Due to the lack of donors, to rescue patients transplantologists now more often use hearts in a slightly worse condition, which used to be disqualified until recently. "We use ever-worse hearts in transplants because we have to. If we have a twenty years old patient with Polish artificial chambers and we know that they are safe for three months, then if we do not risk it with a worse heart, the patient will die because of neurological complications. We have the necessary experience, we know how to do it and we are prepared to it" - assures the President of the Polish Society of Cardiothoracic Surgeons.

Where do the worse hearts come from? "In the past, patients after transport accidents were not considered as donors, as well as those after resuscitation. Similarly, patients who had been in the intensive care unit for over 10 days. Now we have to consider each heart. We recently transplanted the heart from a traffic accident donor that suffered a lung injury. We had to take the risk because the patient was on circulatory support and might have not survived, and the transplanted heart turned out to be good".

Older donors with coronary heart disease are increasingly used. "Of course, it`s best when the donors have normal coronary vessels in the heart muscle. But even if they are abnormal, but the heart contracts properly, we perform bypass during surgery. If there is a valve defect, we can replace or fix it. We have to do it sometimes due to the lack of donors. We have seriously ill patients who need a new heart or they will die" - emphasises Prof. Kuśmierczyk.
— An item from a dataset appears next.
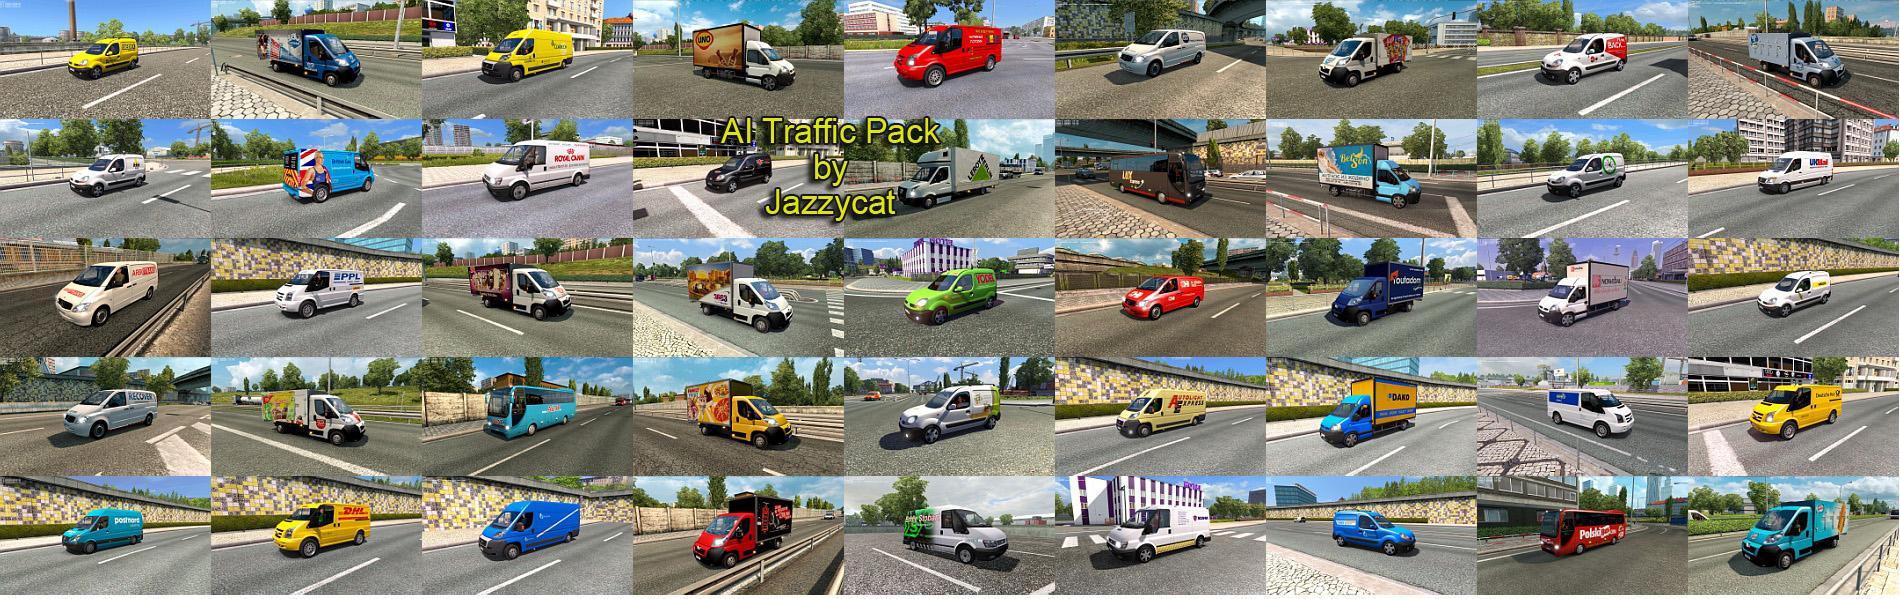 AI TRAFFIC PACK BY JAZZYCAT V5 4 ETS2 MOD - ETS2 Mod

A new method allowing to increase the scope and effectiveness of transplants is the transport of a still "beating heart". It is used in some countries of Western Europe, and it may become available in Poland in 2019.
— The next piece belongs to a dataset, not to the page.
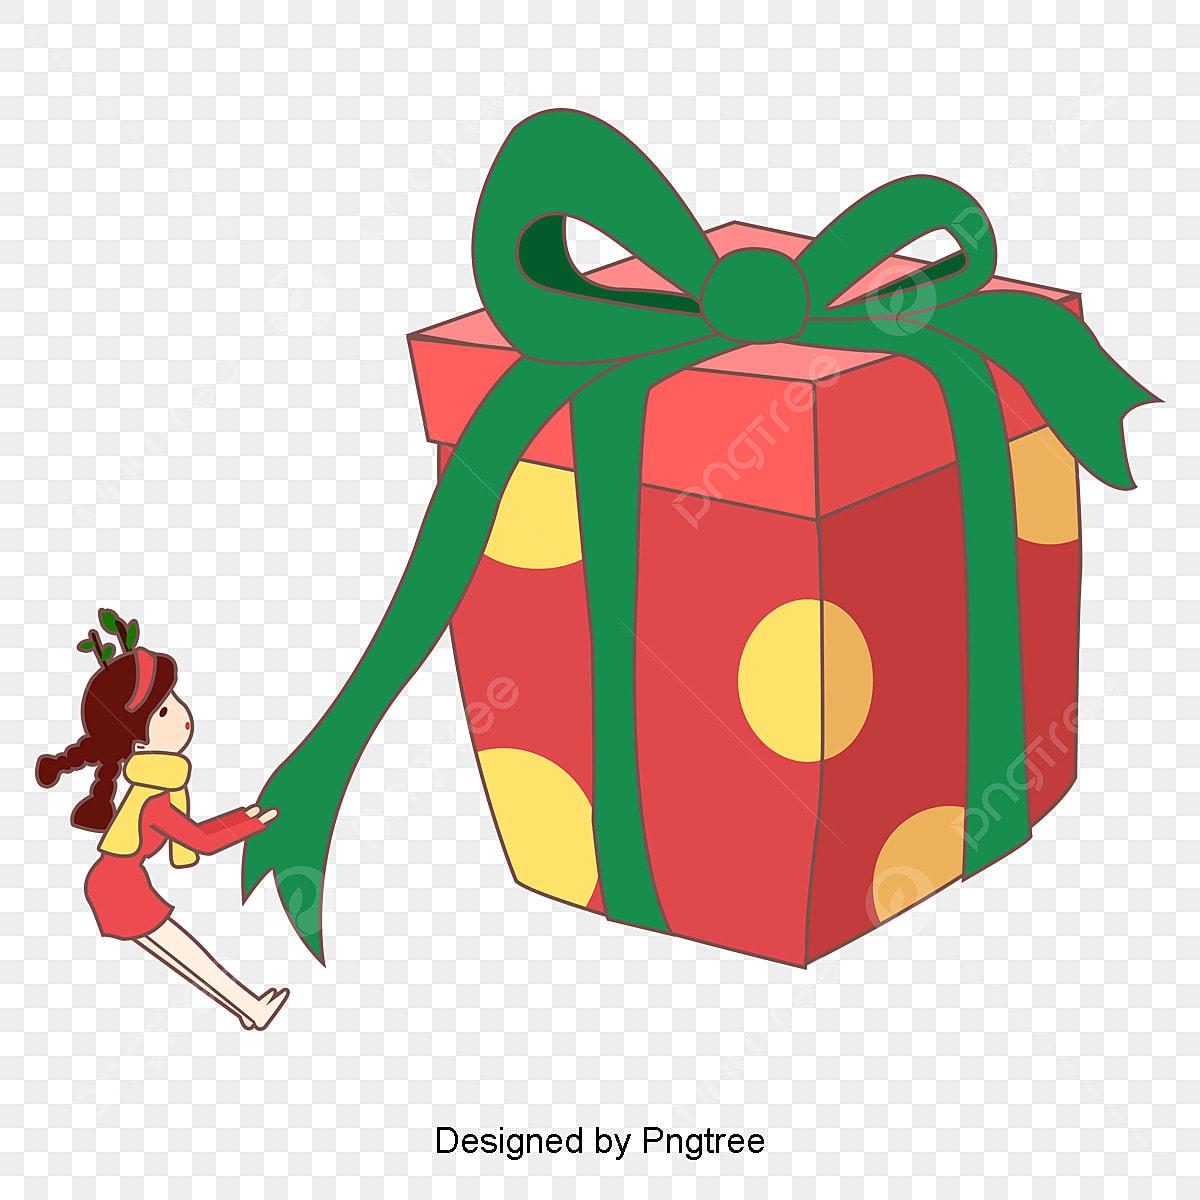 クリスマスプレゼントテーマキャラクター韓国風手描きイラスト

"If the heart contracts properly during collection, that does not mean that after stopping, transporting and then transplantation it will continue to behave the same way, because for some time it has been deprived of metabolites, substrates necessary for normal functioning. Therefore, we are making efforts to obtain a device for transporting heart muscle, called TransMedics"- Prof. Kuśmierczyk says.

"This device" - the expert explains - "allows to collect the heart from the donor and it connect to the device so that it can continue to beat, and then provide it with substrates, nutrients to improve metabolism, because donors are often malnourished. This device even allows to check if the heart is suitable for a transplant. It also increases the available transport time of the harvested organ from four to twelve hours. In over 90 percent cases we can be sure that the heart is good".

The specialist hopes that such equipment will be available in Poland later this year. But it is very expensive, as are the fluids it uses. The cost of this fluid is PLN 200,000, while the National Health Fund only reimburses PLN 137 thousand for heart transplantation. This amount would not even cover the costs of the organ transport. "But the Ministry of Health promises that such a machine will be purchased for Poland and we hope that one of the transplantation foundations will buy fluids for the transport of some hearts for transplantation in Poland" - he emphasizes.

According to the expert, a patient who is waiting for a heart transplant also requires expensive hospital treatment, has an implanted pump to support blood circulation, receives expensive antibiotics and other medications. The cost of treatment for such a patient is also high. "In some cases, it makes sense to use such a device to transport a beating heart" - argues the President of the Polish Society of Cardiothoracic Surgeons.